DEAR POLE BARN GURU: Should I have a soffit on my pole barn? CLIFF in SOUTHSIDE
DEAR CLIFF: Personally if my budget was so tight I could only afford doors or enclosed overhangs, I would do overhangs and leave door openings to install later when funds became available. You can always add doors, however you only get one opportunity to do overhangs – at time of construction.
Overhangs will keep your building from looking like an industrial warehouse. They will push ‘weather’ (rain runoff or snow slide off) away from your building walls – keeping your building cleaner and reducing potential for trapped water to build up and enter your building. With ventilated eave soffits, you have an air intake required for any dead attic spaces.
Invest in them and you will have no regrets.

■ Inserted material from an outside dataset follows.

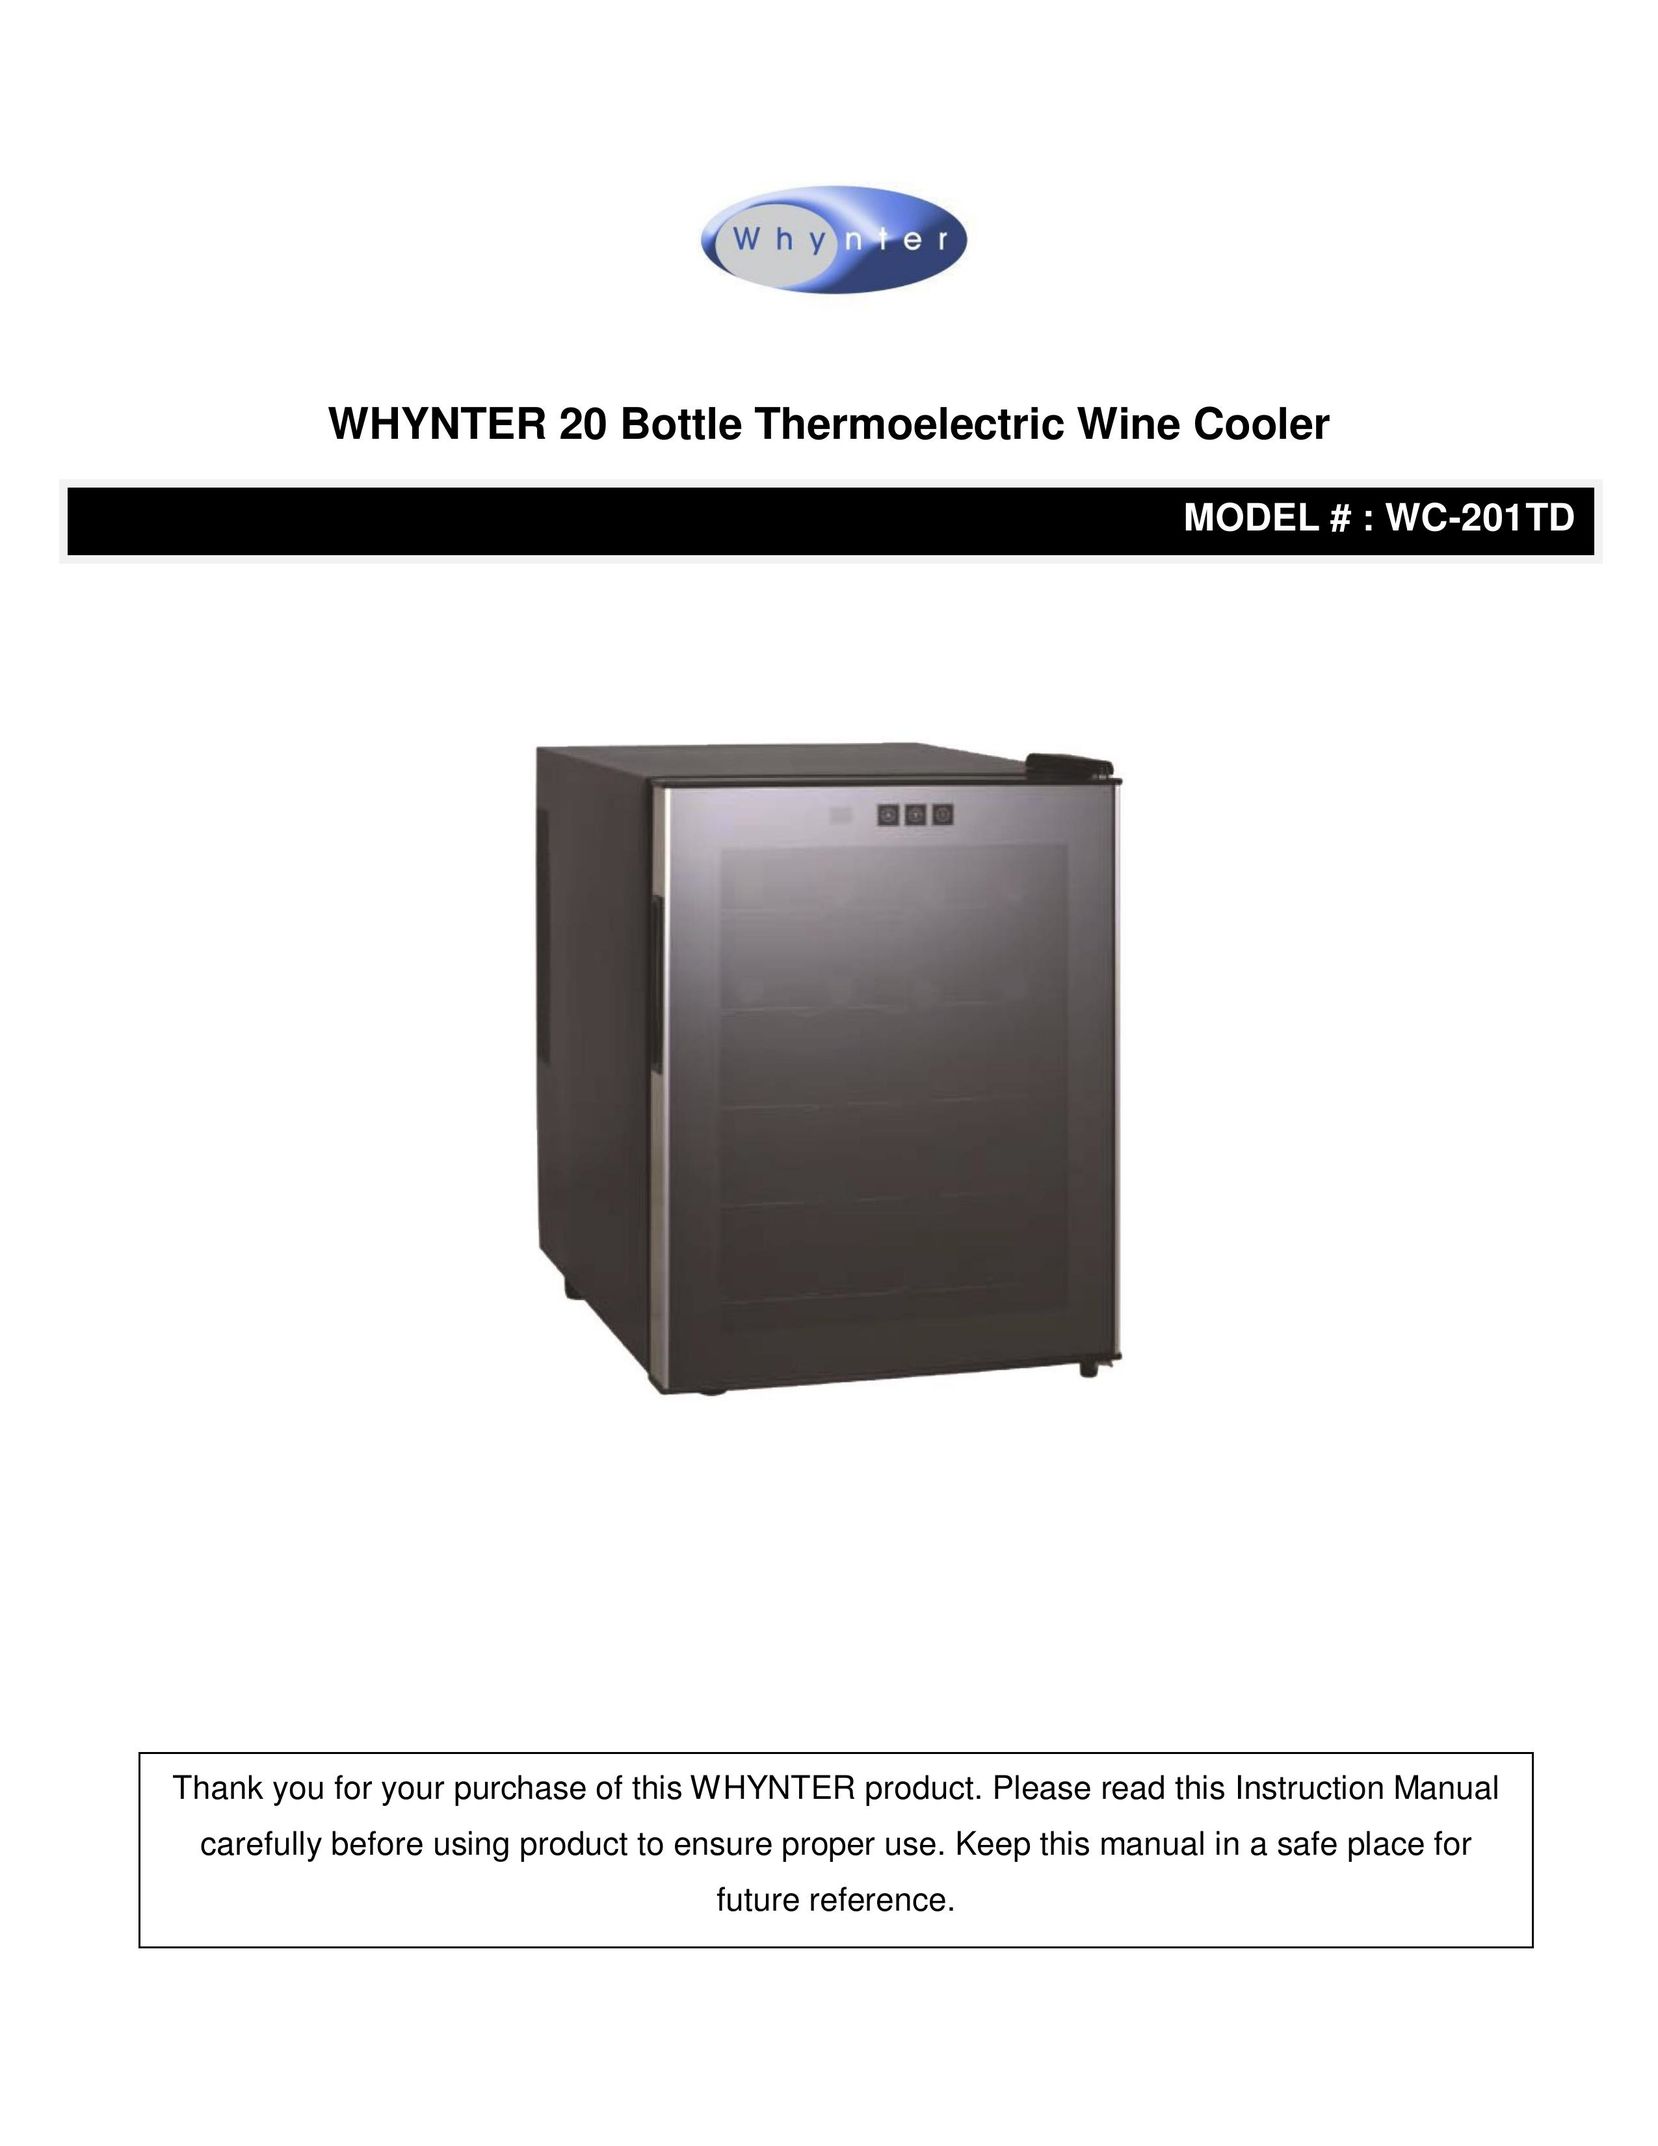 Whynter wc-201td Beverage Dispenser User Manual

DEAR POLE BARN GURU: Okay, I have been researching horizontal lap siding options for my detached garage project I plan on building next summer. I have seen many opinions on the necessary framing to support the engineered wood horizontal lap siding that matches my house and my wife is requiring my garage to match. Most people talk about installing furring strips over OSB, having the OSB cover the horizontal girts. But what about mounting regular 2×6 studs INSIDE the girts? Then covering the girts with Zip Sheeting. This would provide a continuous building envelope, superior nailing support for the siding, and vertical support if I choose to finish the interior in the future. Thoughts? SCOTT in BROOKSTON
DEAR SCOTT: While you could build a stud wall inside of exterior mounted wall girts, it would seemingly make more sense to use bookshelf girts instead, solving challenges in one fell swoop. Should you decide to finish your interior, bookshelf girts are also ideal for drywall applications. https://www.hansenpolebuildings.com/2019/09/11-reasons-post-frame-commercial-girted-walls-are-best-for-drywall/
DEAR POLE BARN GURU: My 30×60 pole barn has 8 foot eaves. I need 10 foot eaves. Can I lengthen poles to get added height? JEREMY in COLUMBIA CITY
DEAR JEREMY: With input from a Registered Professional Engineer you may be able to however you are talking about a fairly monumental undertaking, fraught with peril in trying to raise it up without destroying what you have. Besides coming up with a satisfactory column splice, you are going to have to slowly raise the building up at each column equally. Get one column too far ahead or behind and you risk ripping steel roofing around screws – then you have leaks. If a lift point slips off from jacks you could end up with a scrambled mess. Provided you are able to successfully lift and get columns spliced, you now have siding being too short to contend with.
Personally, provided I had the space and it was allowed by my jurisdiction, I would build another taller building. And make it taller than 10′ eave – so you have some future resale value for someone with tall stuff.